No treatment helps everyone, and it is important to consider potential moderators of treatment (33
). In the present work, the effects of extended-pre-quit were consistently, albeit unexpectedly, moderated by gender across behavioral, biochemical, and subjective measures. Among women, extended pre-quit varenicline prompted greater reductions in self-reported smoking rate and biochemical evidence of smoking exposure (expired-air CO) prior to the TQD and greater nausea pre-TQD, and it doubled rates of bio-verified abstinence at 3-month follow-up. Among males, none of these effects were statistically significant. However, consistent with data from larger clinical trials of varenicline which report equivalent abstinence rates for men and women (7
), we observed no gender differences among those receiving standard treatment, and abstinence rates were solidly within the range typically observed with standard varenicline treatment.

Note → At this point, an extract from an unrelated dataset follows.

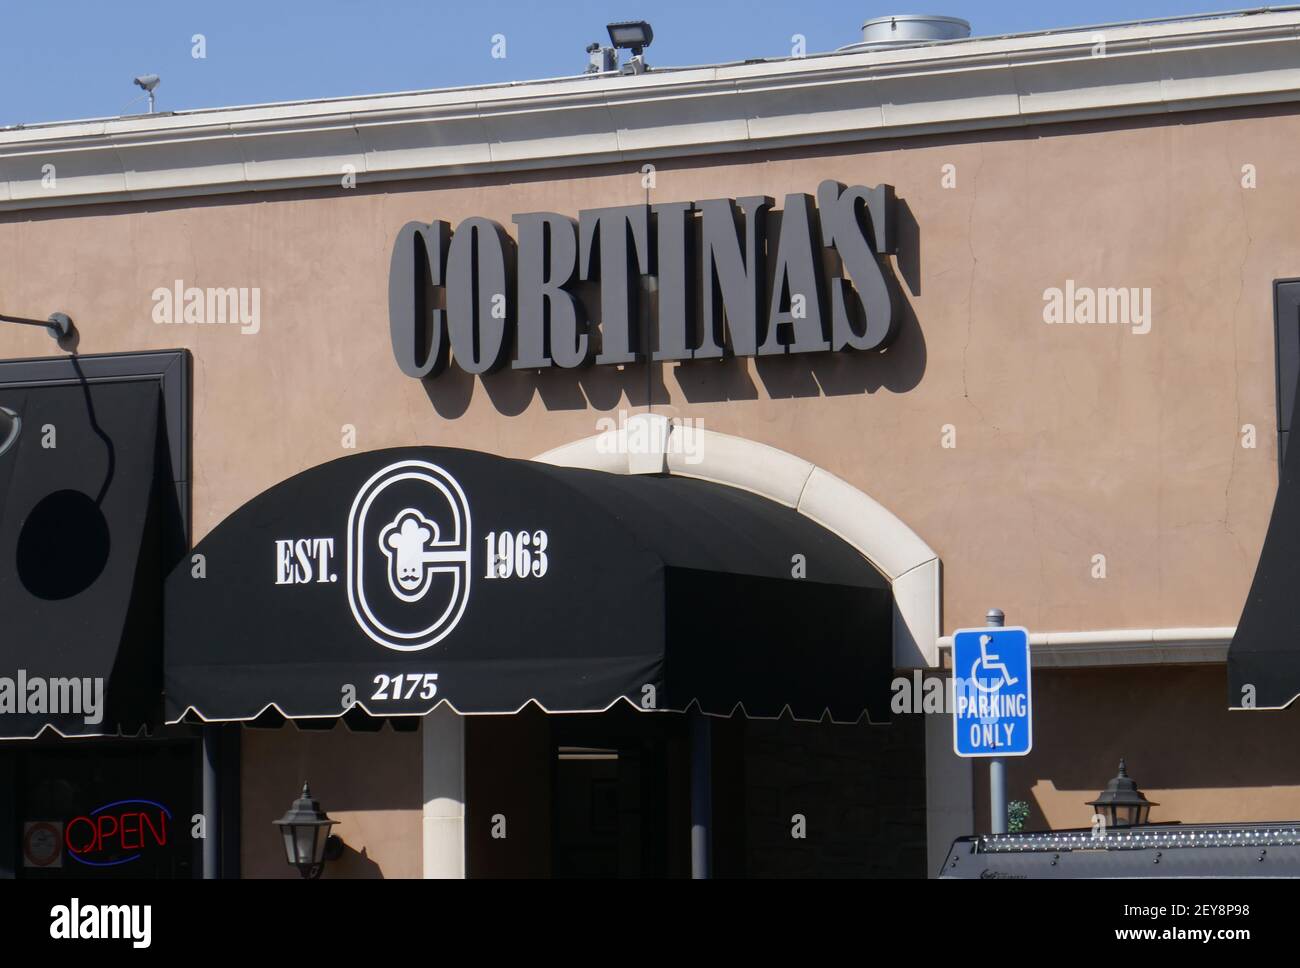 Anaheim, California, USA 4th March 2021 A general view of atmosphere of Cortina's Italian Market & Pizzeria, a favorite of singer Gwen Stefani at 2175 W. Prange Avenue on March 4, 2021 in Anaheim, California, USA. Photo by Barry King/Alamy Stock Photo Stock Photo

These data raise the possibility that gender specifically moderates pre-quit processes that are the focus of extended run-in period. The results of the largest existing trial of extended pre-quit treatment are broadly consistent with this hypothesis. Specifically, the beneficial effects of a pre-quit regimen of transdermal nicotine and denicotinized cigarettes on short-term abstinence were driven primarily by women.(34
It is important to consider whether the ‘sex’ differences observed here are really reflective of a more proximal variable, such as differences in drug concentration. Indeed, steady-state varenicline levels are predictive of cessation outcome (35
). Although the lack of robust sex differences in weight or medication adherence fail to support the hypothesis that varenicline concentrations were markedly different in the present study, future work should include direct measures over time (see also 36
Still, we are not suggesting that extending pre-quit treatment is ineffective among men. The results of one recent study raise the possibility that, on average, the effects of pre-quit varenicline may emerge more slowly among men (37
). More generally, rather than propose that sex is the
critical factor to examine, we suggest that future large-scale studies of extended pre-quit treatment explicitly consider individual differences in a range of parameters, including baseline smoking rate(38
), nicotine metabolism(33
), and varenicline concentration(35
In summary, the present data demonstrate that extended use of varenicline during the weeks leading up to a quit attempt reduces smoking behavior and subjective effects of smoking during the pre-quit period. The data are consistent with an extinction model of the mechanism of varenicline. The outcome data, though exploratory, suggest that extending the duration of pre-quit varenicline improves short-term abstinence rates above the already notable rates obtained with standard varenicline dosing, at least for a subset of smokers. The combination of a strong theoretical foundation, straightforward treatment modification, and encouraging data on both process and outcome suggest that Phase III trials of extended run-in varenicline therapy for smoking cessation are warranted.